• [About this exercise]:
Exact copy, no pictures: repeat the data that follows.

• [Supplied material]:
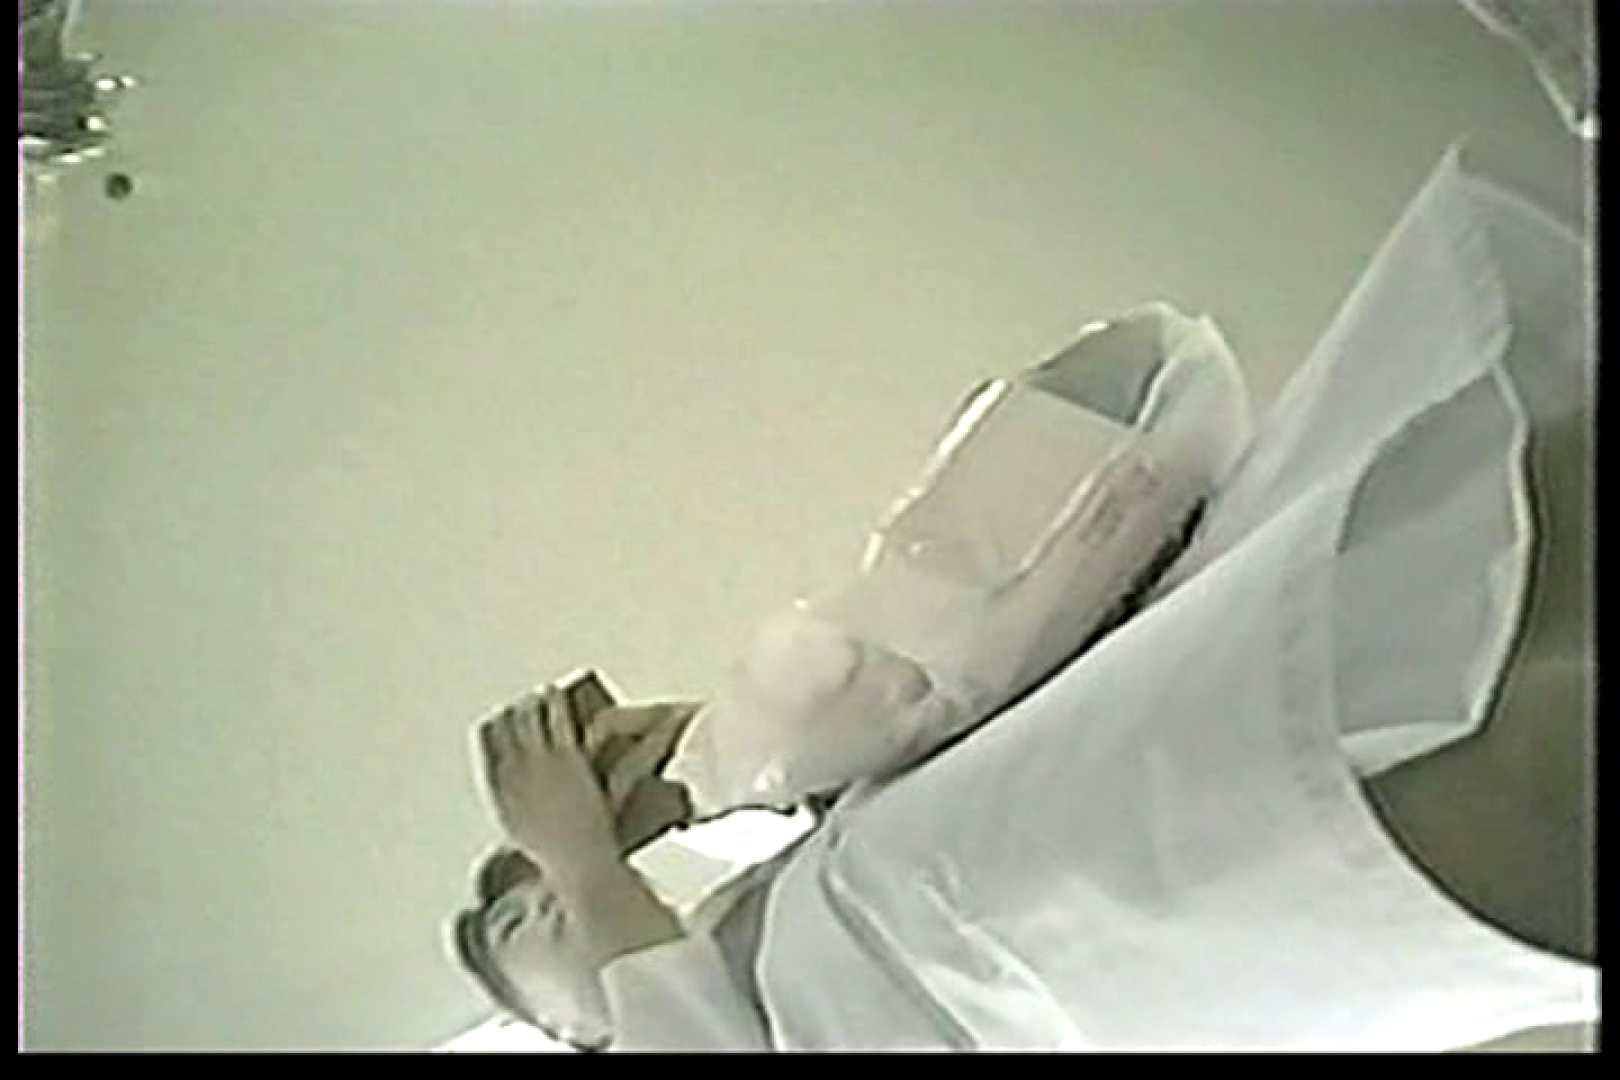 院内密着!看護婦達の下半身事情Vol.3 OLエロ画像  112PICs 80
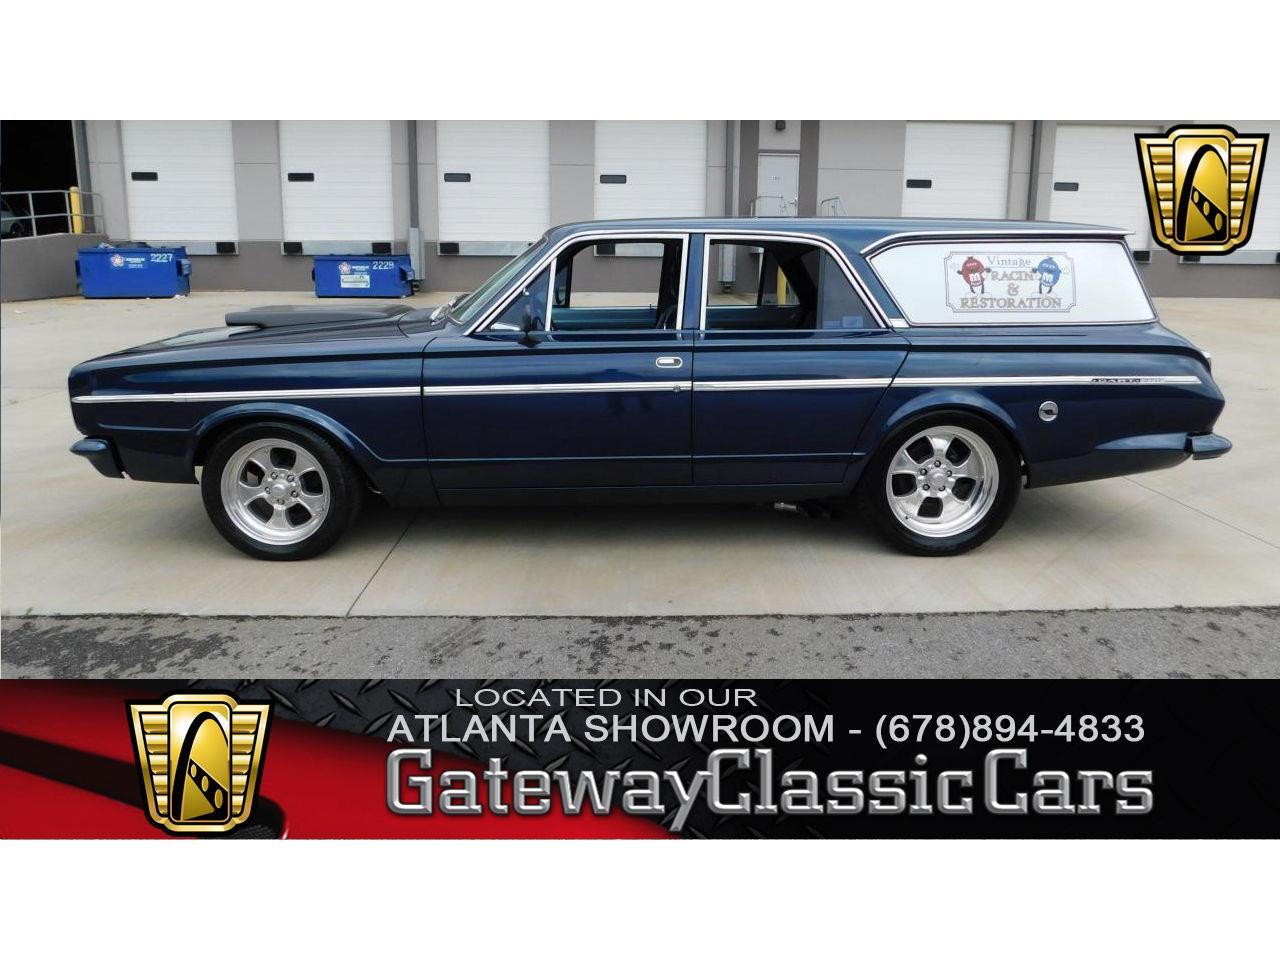 For Sale: 1966 Dodge Dart in Alpharetta, Georgia
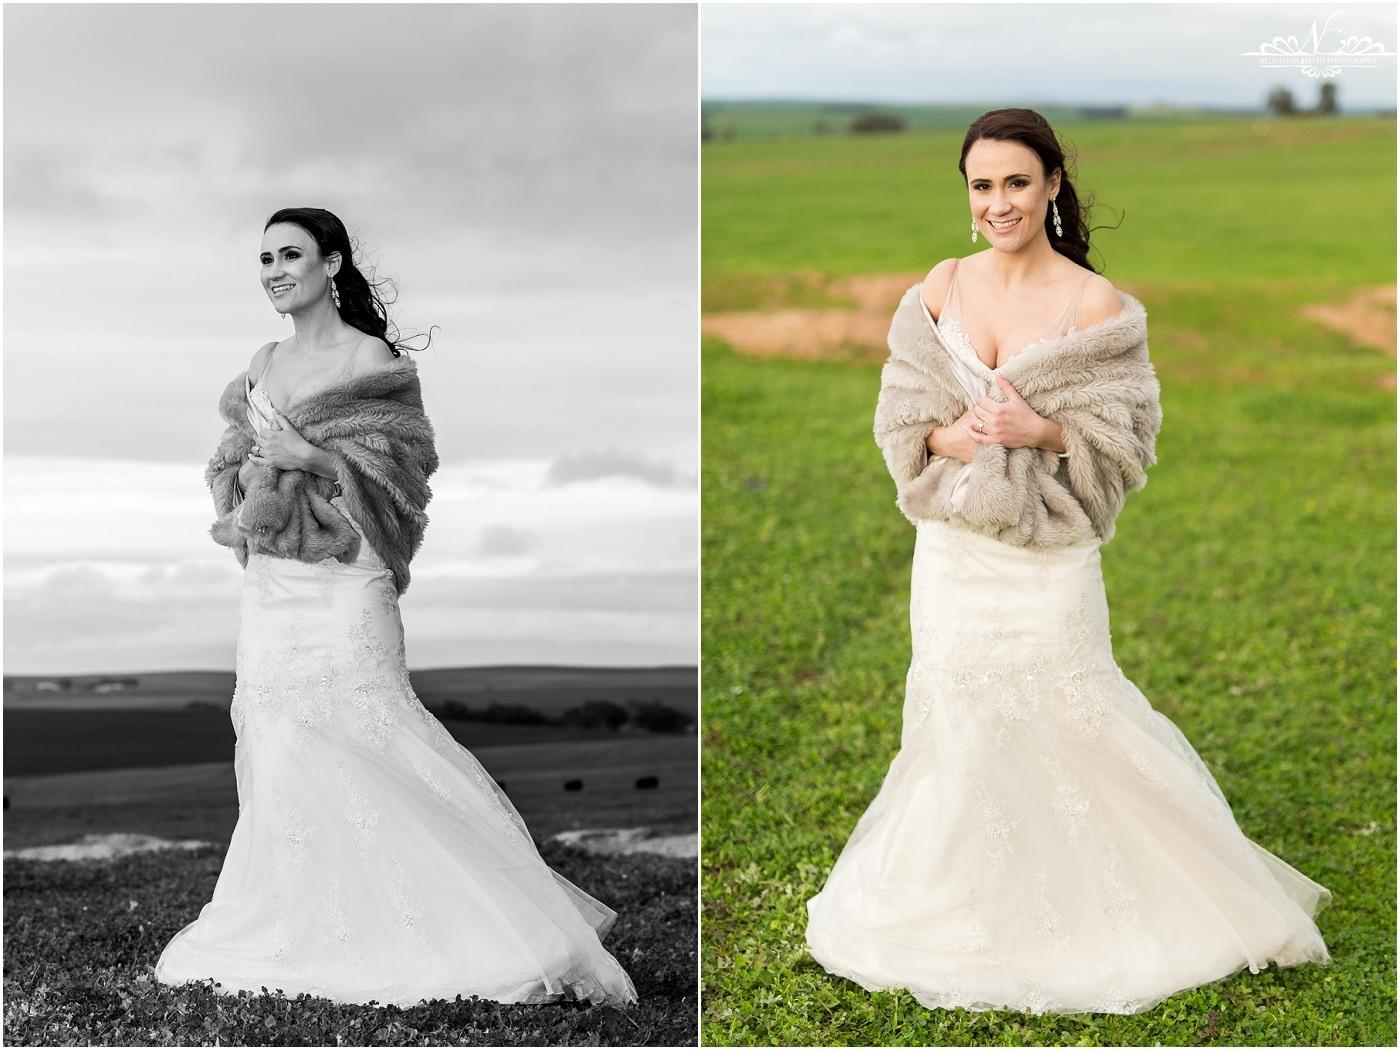 Eensgezind-Wedding-Photos-Nelis-Engelbrecht-Photography-108
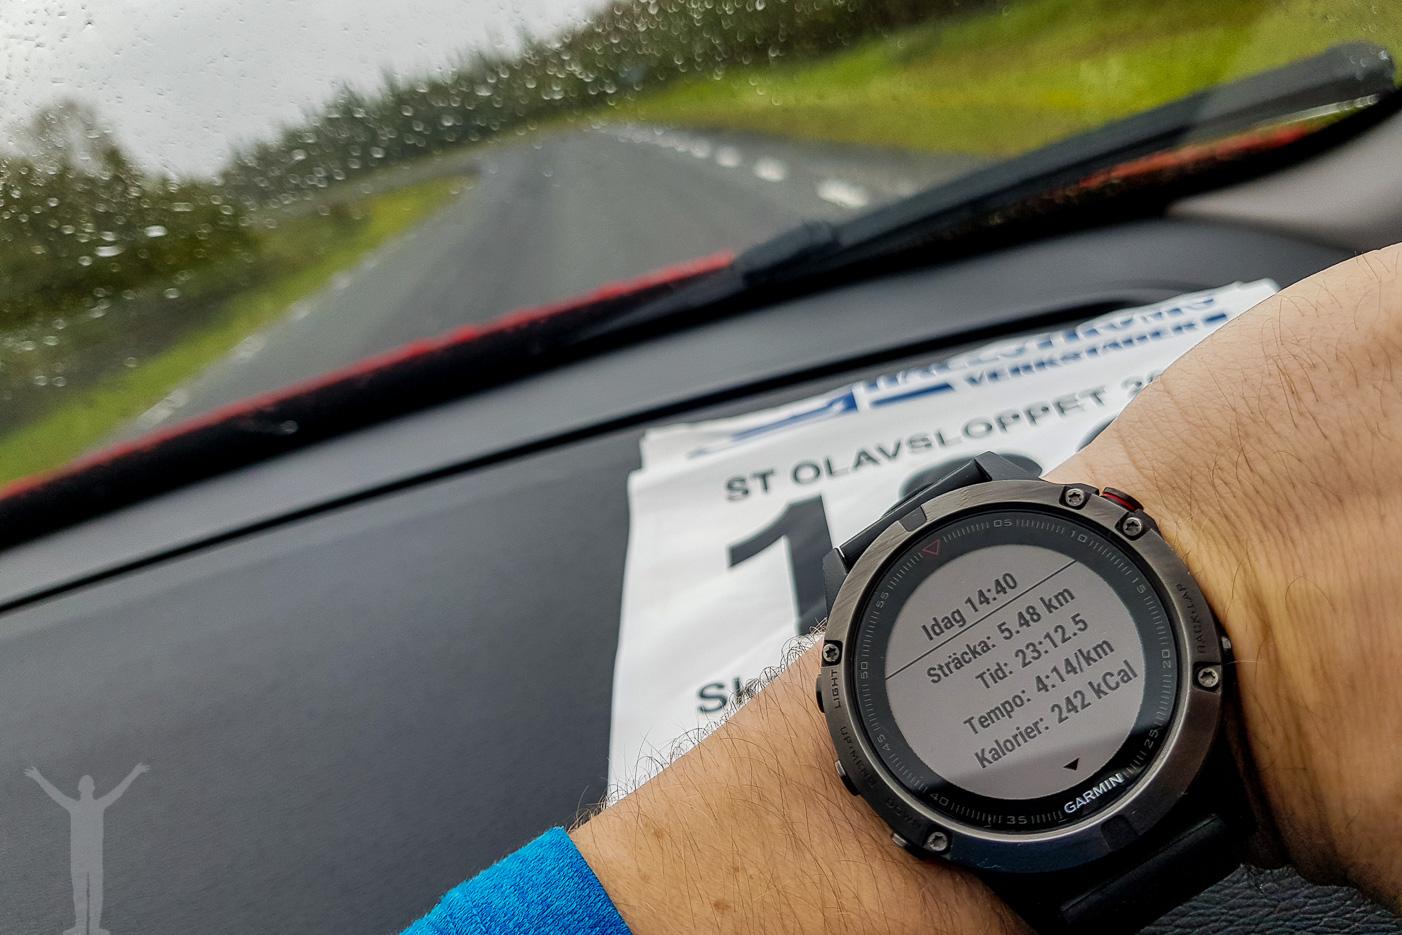 Ny fin 5-kilometerssträcka!
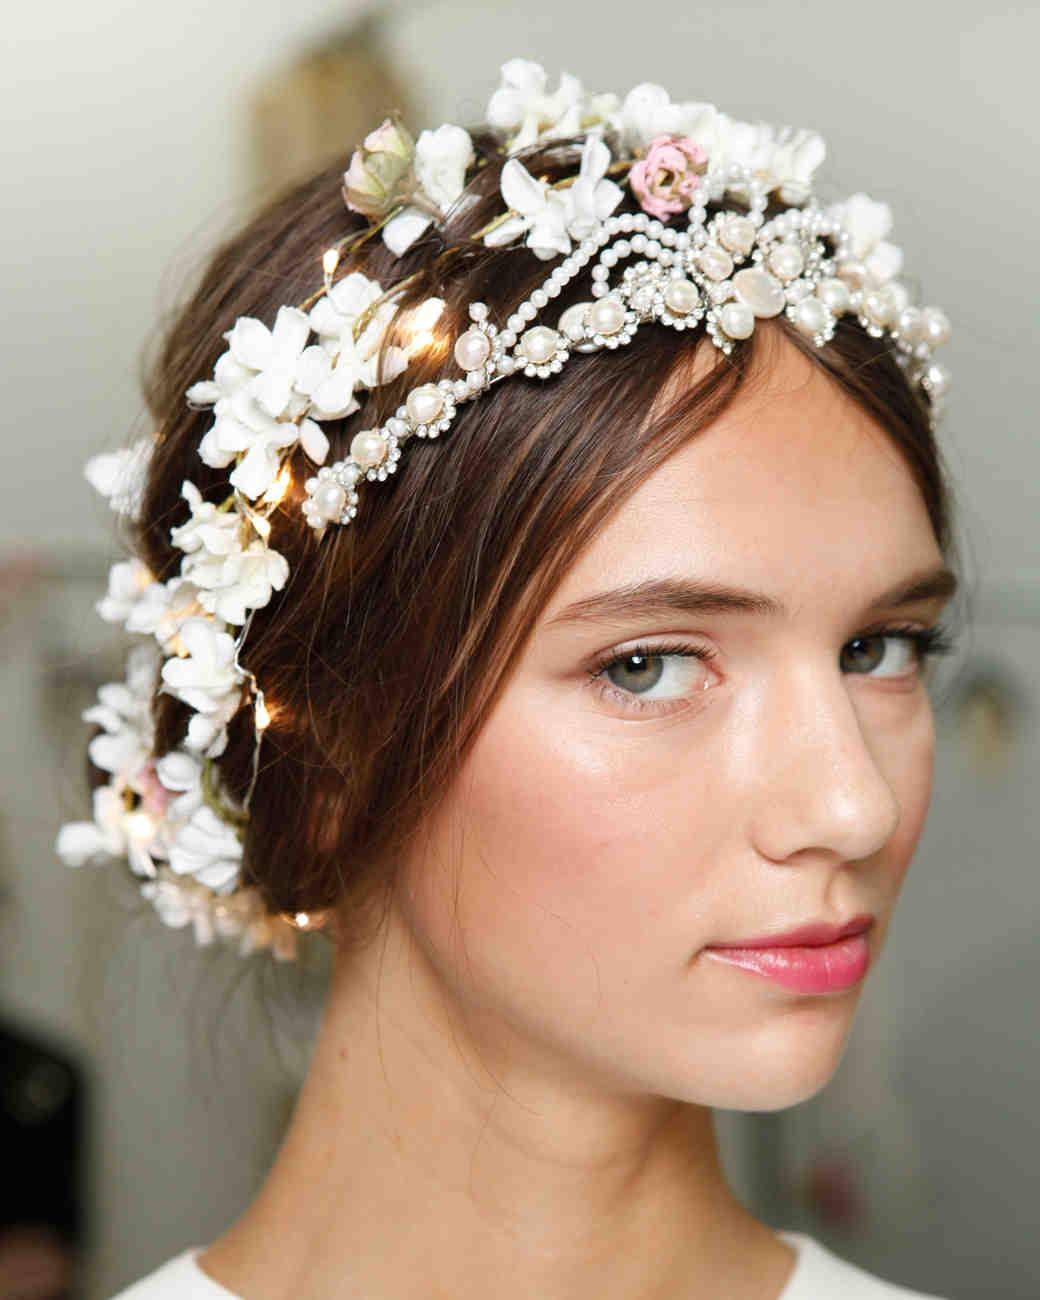 floral-hair-trend-reem-acra-fall2015-d111643-034-1114.jpg

• [Reply to the exercise]:
 院内密着!看護婦達の下半身事情Vol.3 OLエロ画像  112PICs 80
 For Sale: 1966 Dodge Dart in Alpharetta, Georgia
 Eensgezind-Wedding-Photos-Nelis-Engelbrecht-Photography-108
 Ny fin 5-kilometerssträcka!
 floral-hair-trend-reem-acra-fall2015-d111643-034-1114.jpg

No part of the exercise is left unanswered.